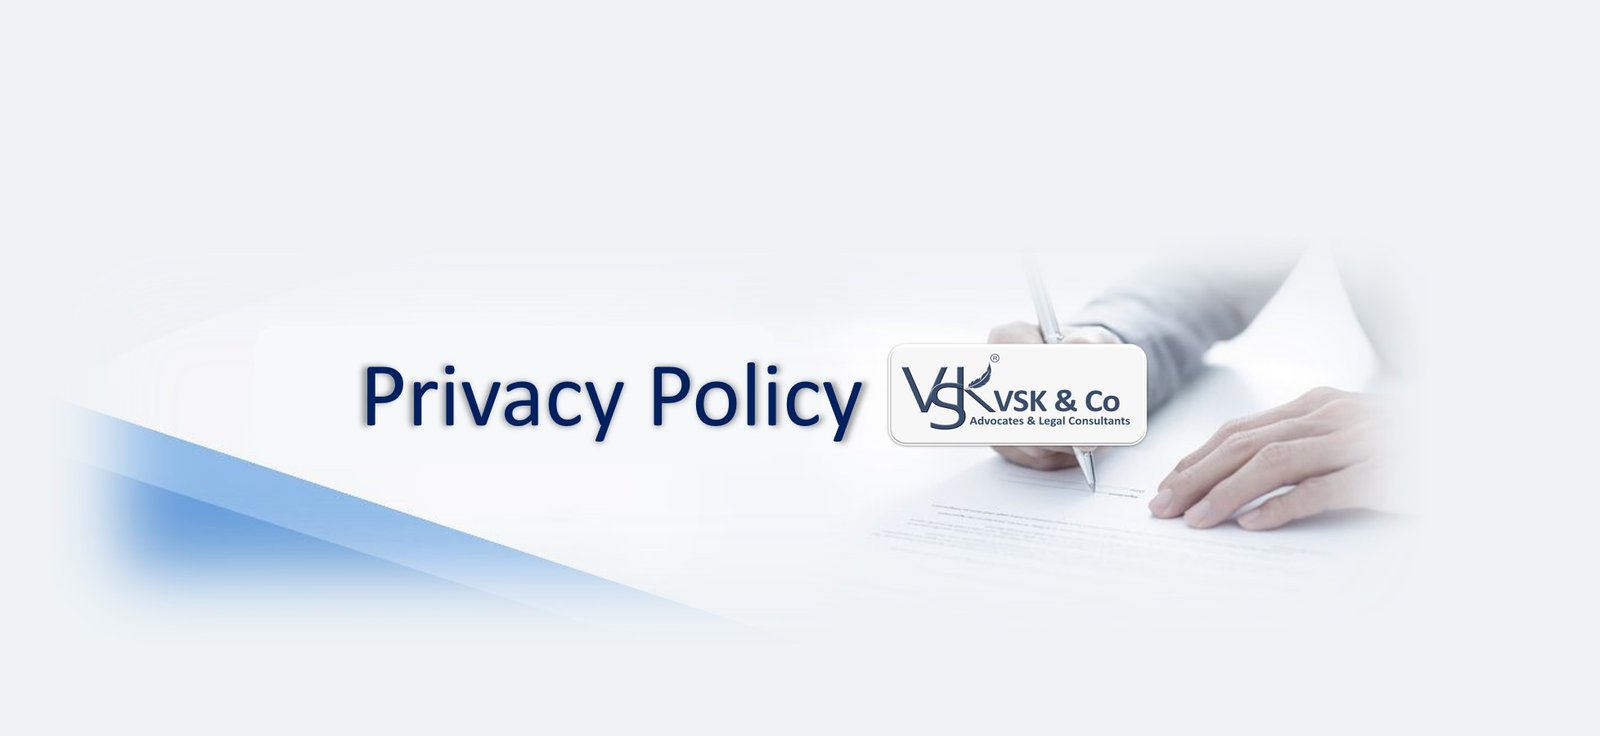 VSK & Co Privacy Policy
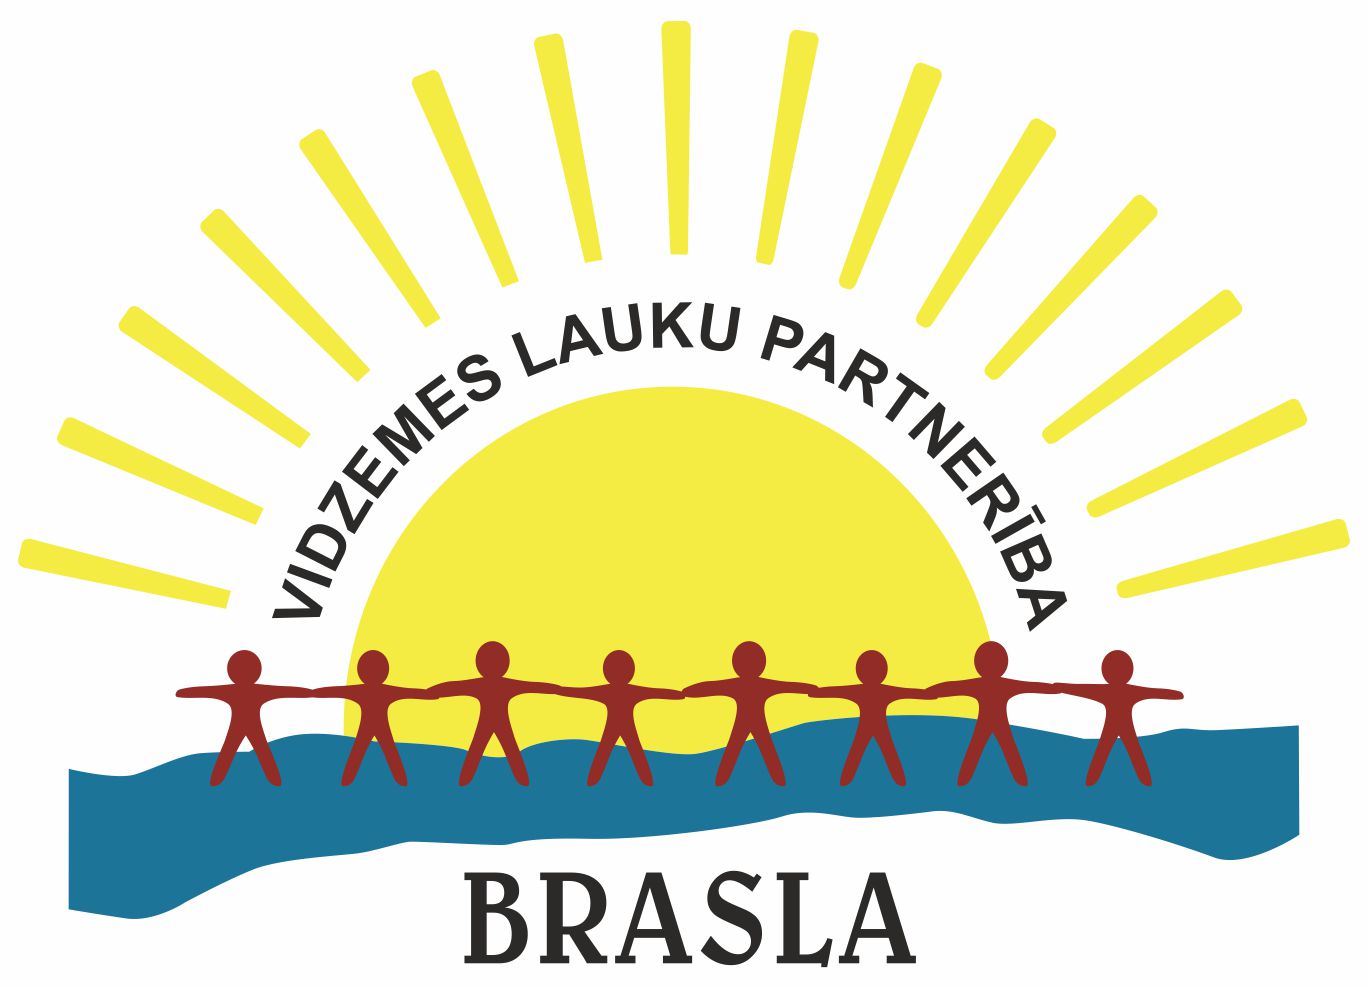 Brasla logo.jpg
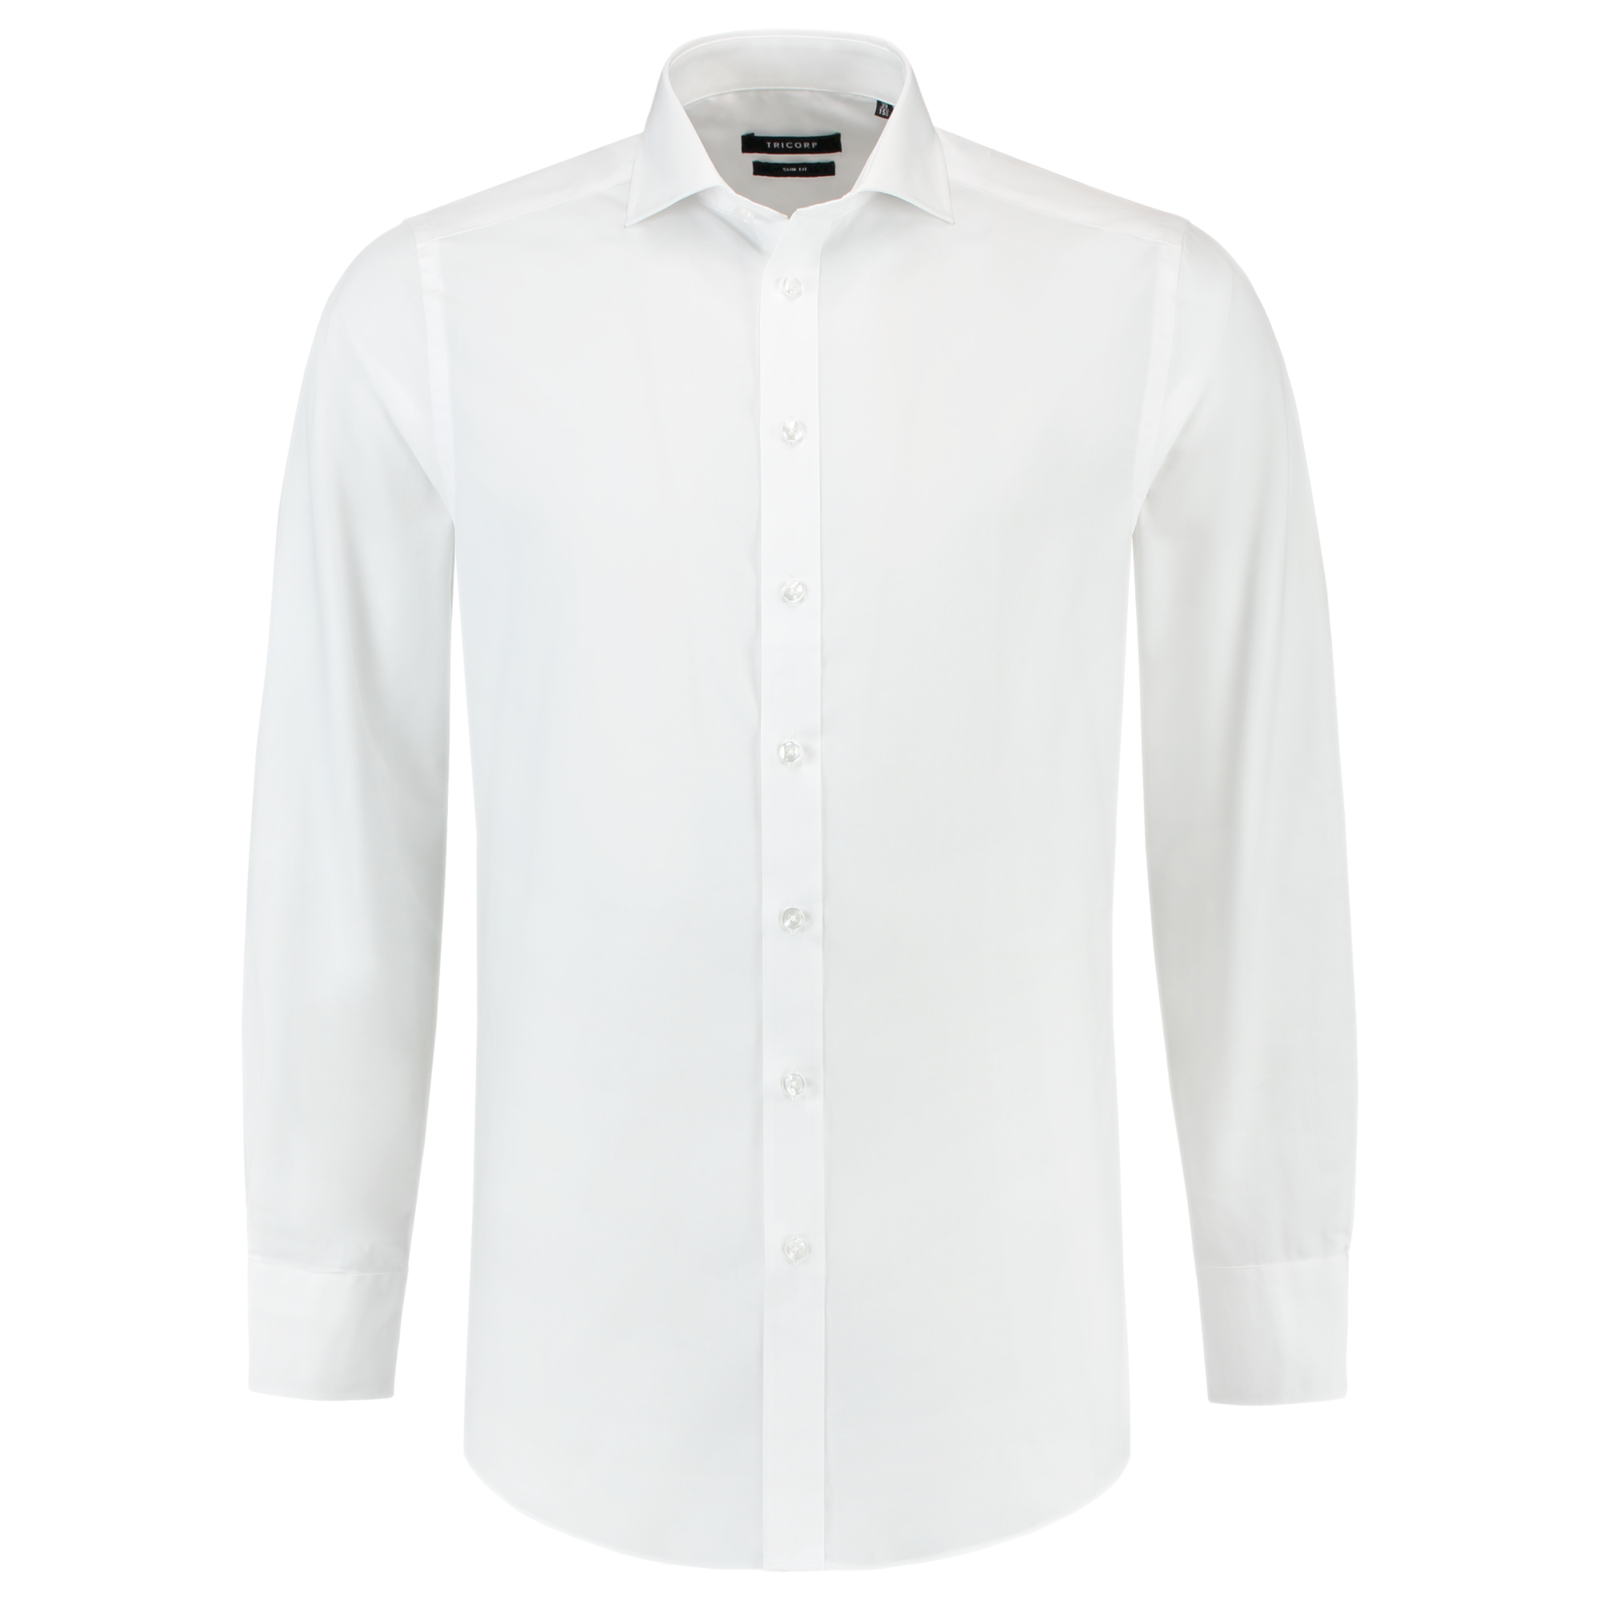 Pánska košeľa s dlhým rukávom Tricorp Fitted Stretch T23 - veľkosť: 44, farba: biela

========

■ **Instructions to follow**:
Print the data word for word and omit the pictures.

■ **Output below**:
 VSK & Co Privacy Policy
 Brasla logo.jpg
 Pánska košeľa s dlhým rukávom Tricorp Fitted Stretch T23 - veľkosť: 44, farba: biela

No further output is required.